§ ABOUT THIS TASK
Without the pictures, write the listing out again exactly as it appears.

§ DATASET SECTION
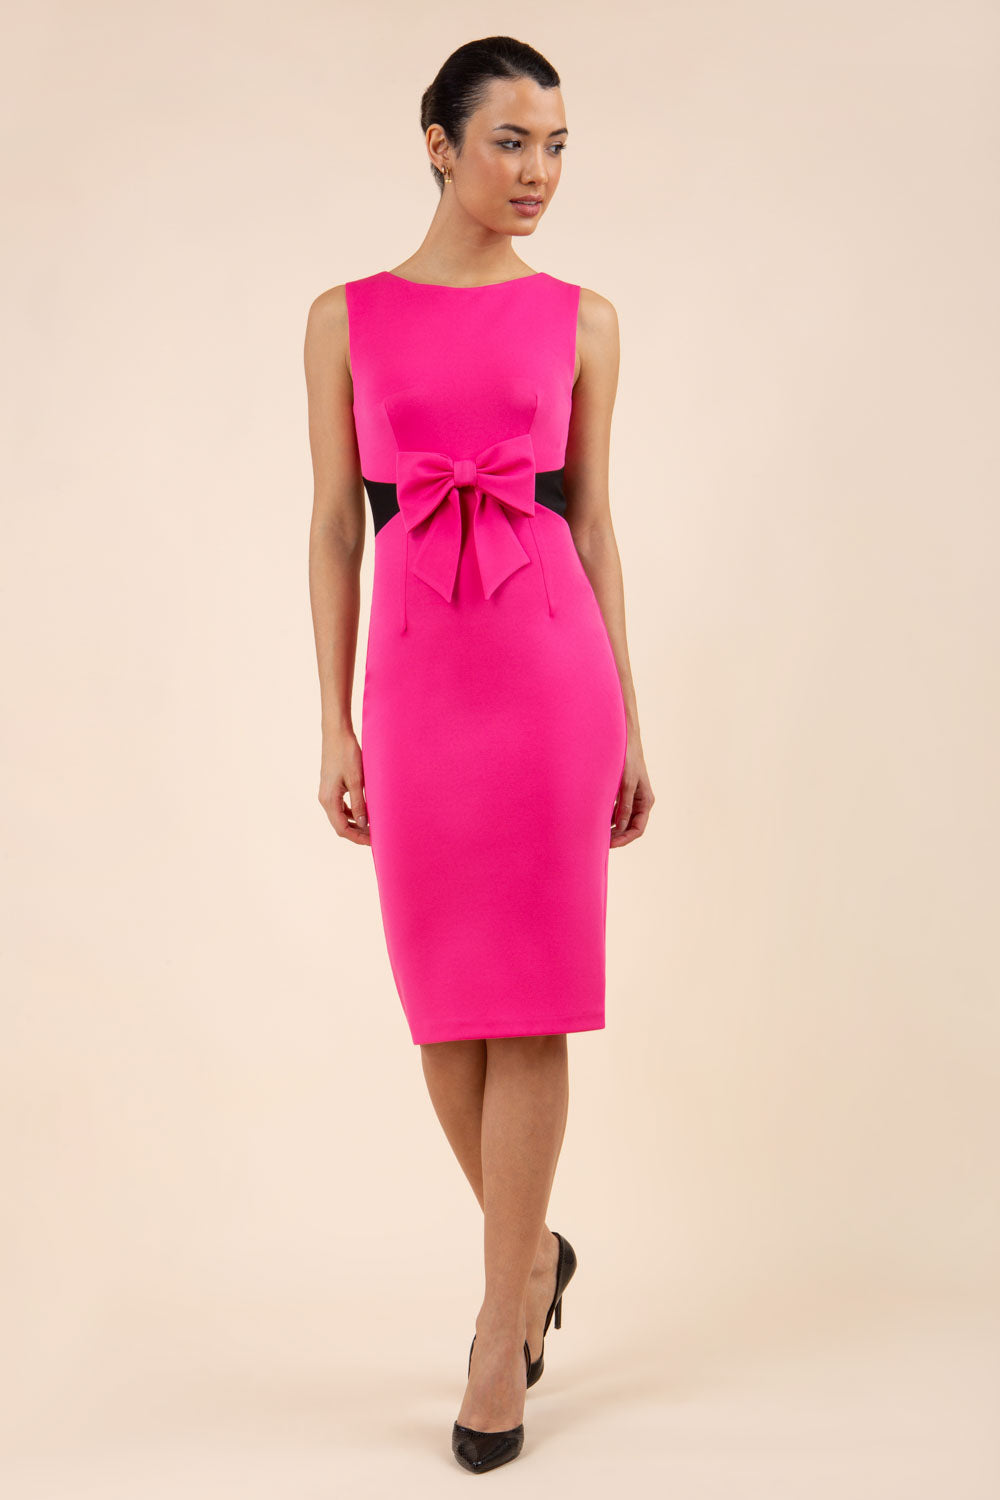 blonde model wearing Diva Catwalk Pencil sleeveless dress with rounded neckline and bow detail at the front with a contrasting black band in hibiscus pink front
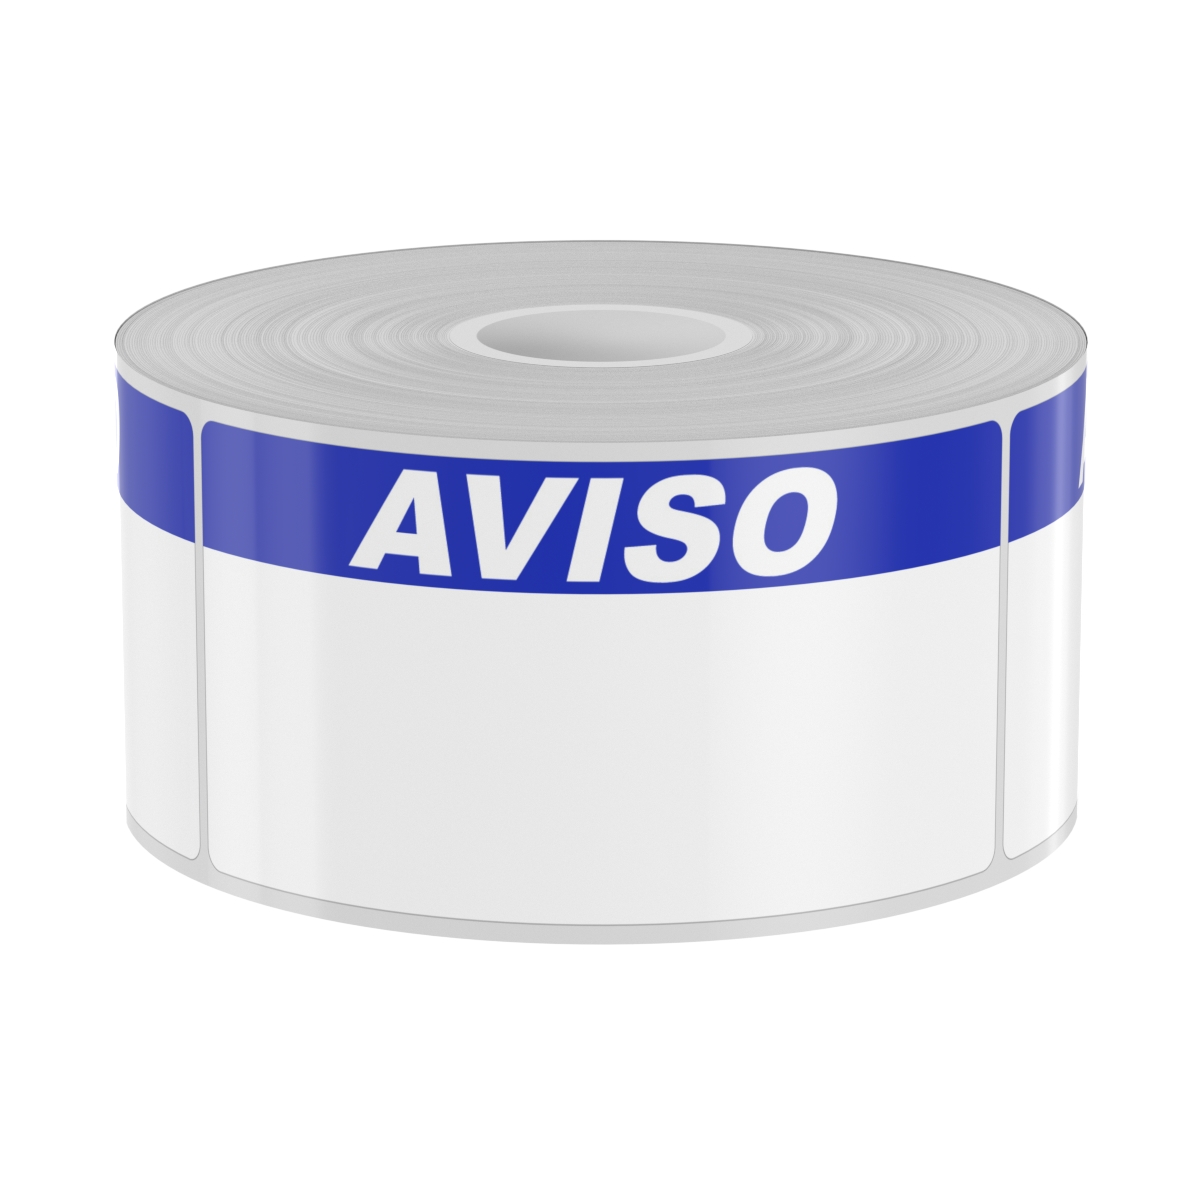 250 2in x 4in Labels with Blue AVISO Header
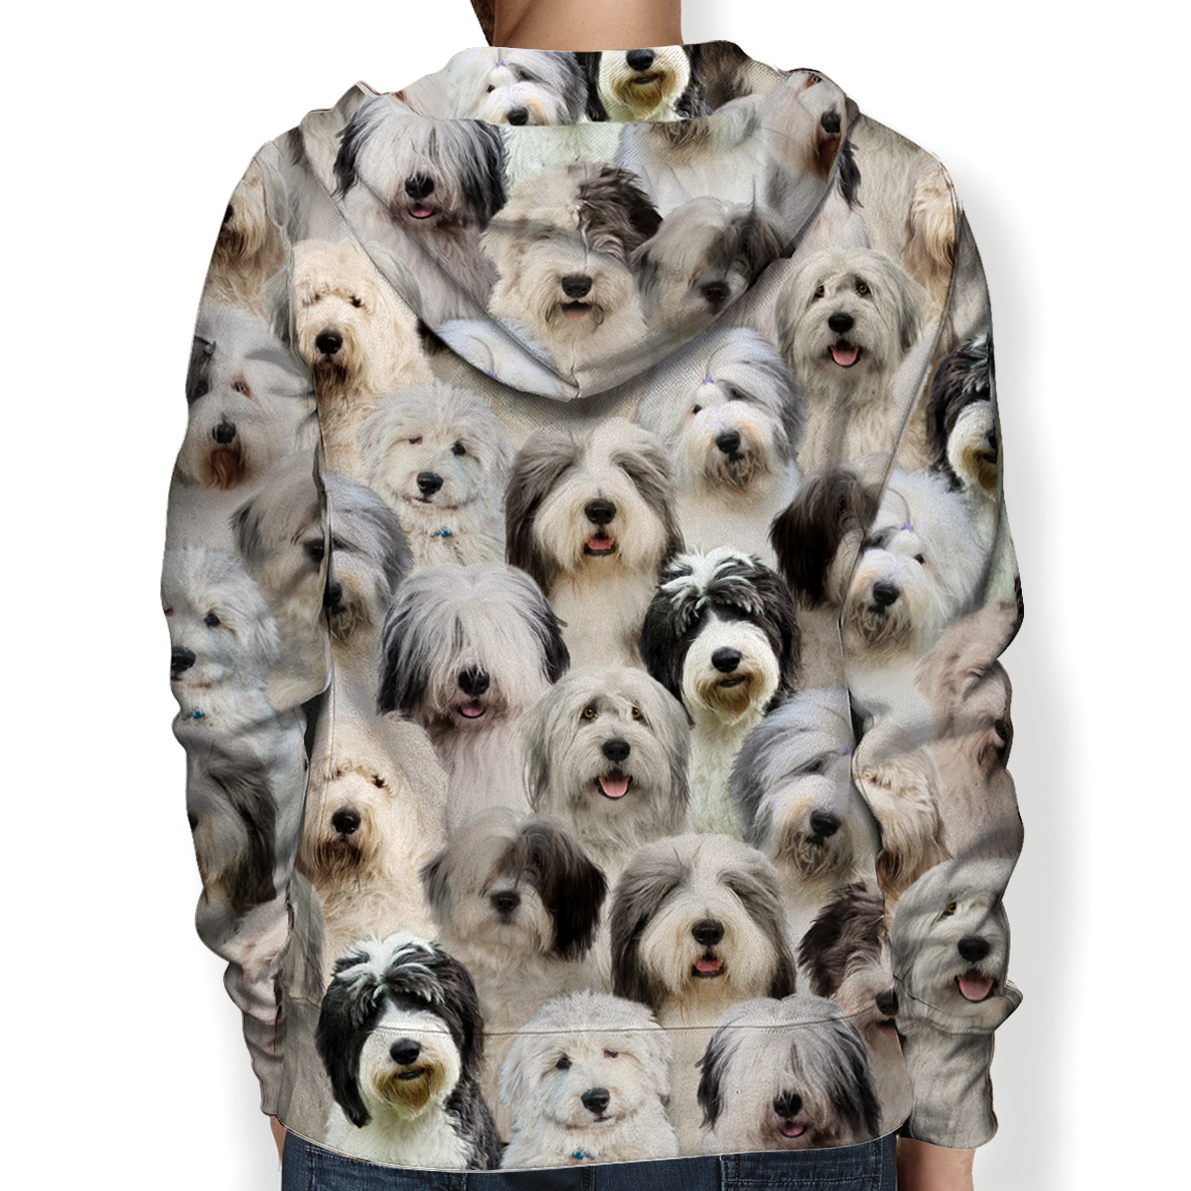 You Will Have A Bunch Of Old English Sheepdogs - Hoodie V1
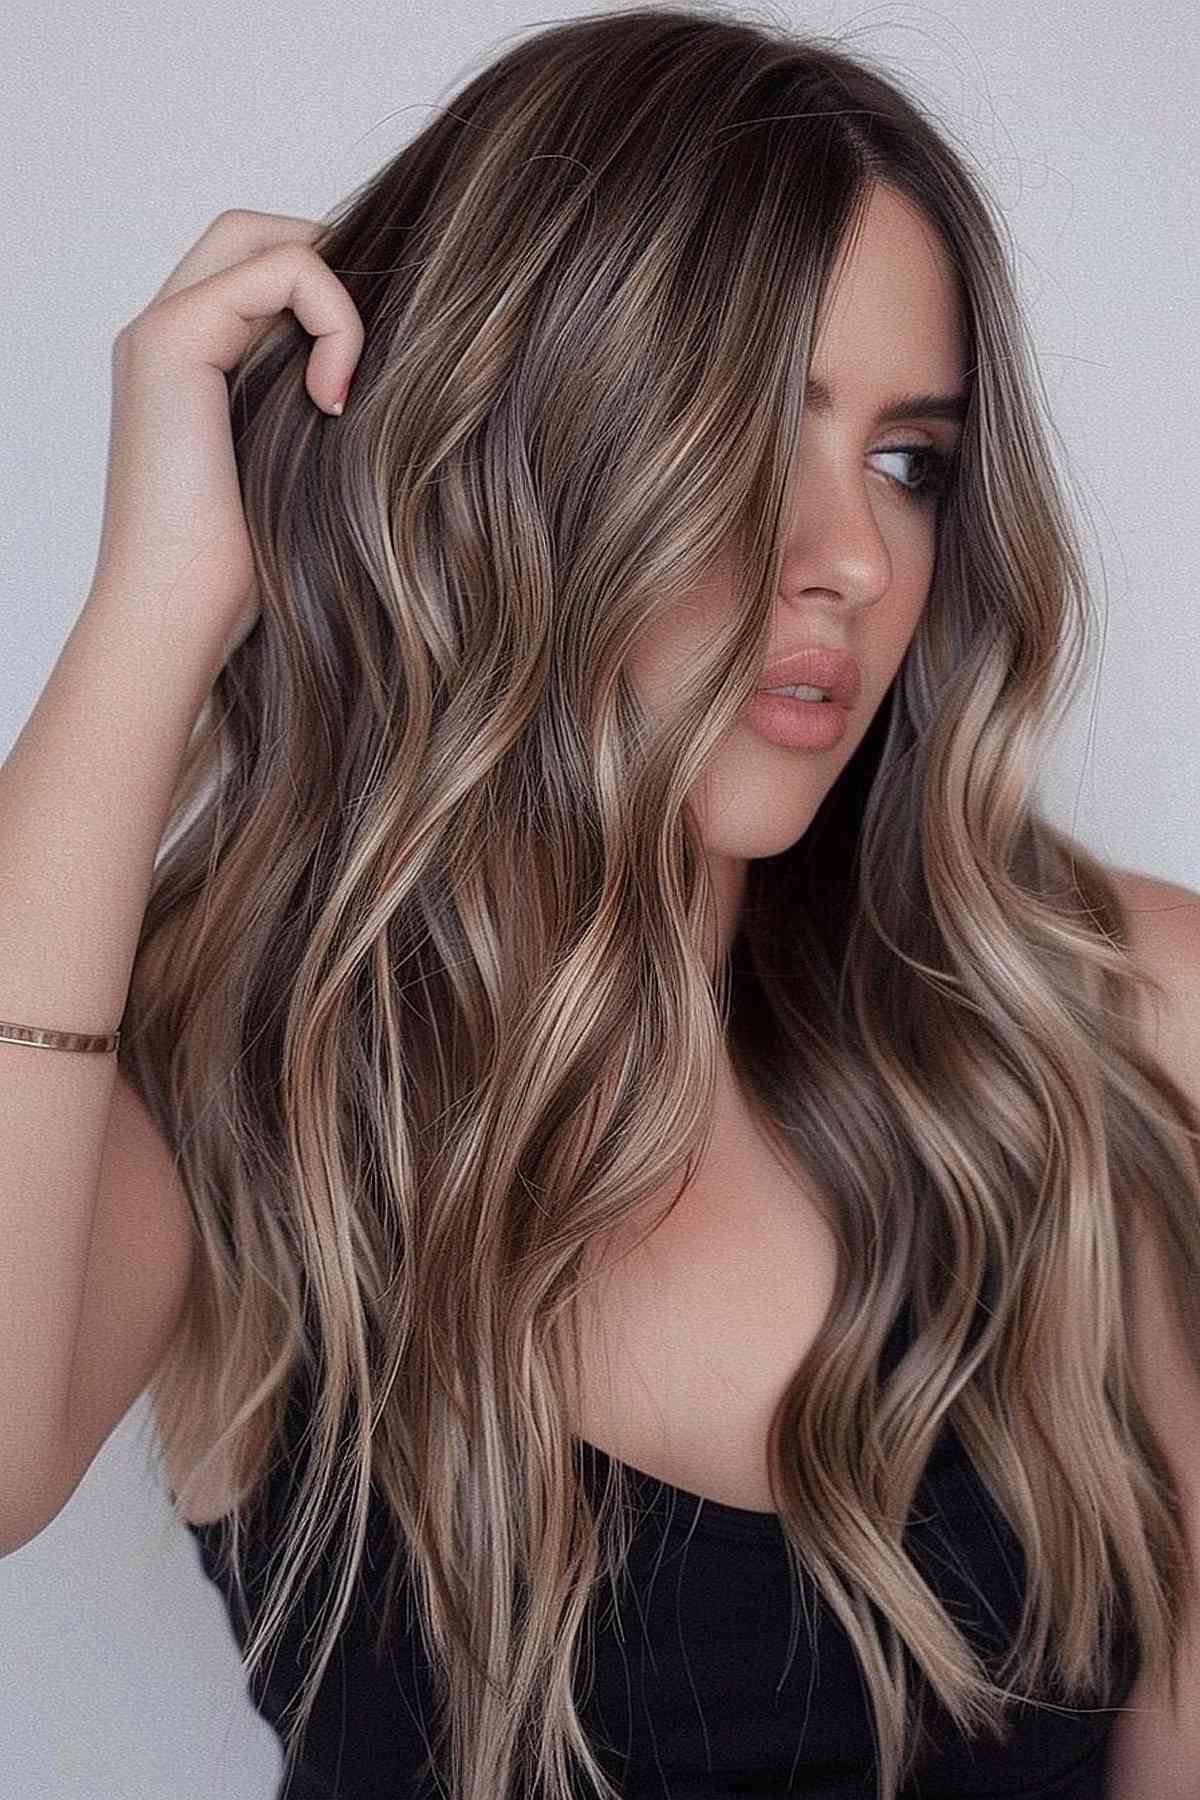 Long, wavy hair with mushroom brown and blonde highlights underneath, creating a playful, dynamic contrast and adding volume.

§ TASK SOLUTION
 blonde model wearing Diva Catwalk Pencil sleeveless dress with rounded neckline and bow detail at the front with a contrasting black band in hibiscus pink front
 250 2in x 4in Labels with Blue AVISO Header
 You Will Have A Bunch Of Old English Sheepdogs - Hoodie V1
 Long, wavy hair with mushroom brown and blonde highlights underneath, creating a playful, dynamic contrast and adding volume.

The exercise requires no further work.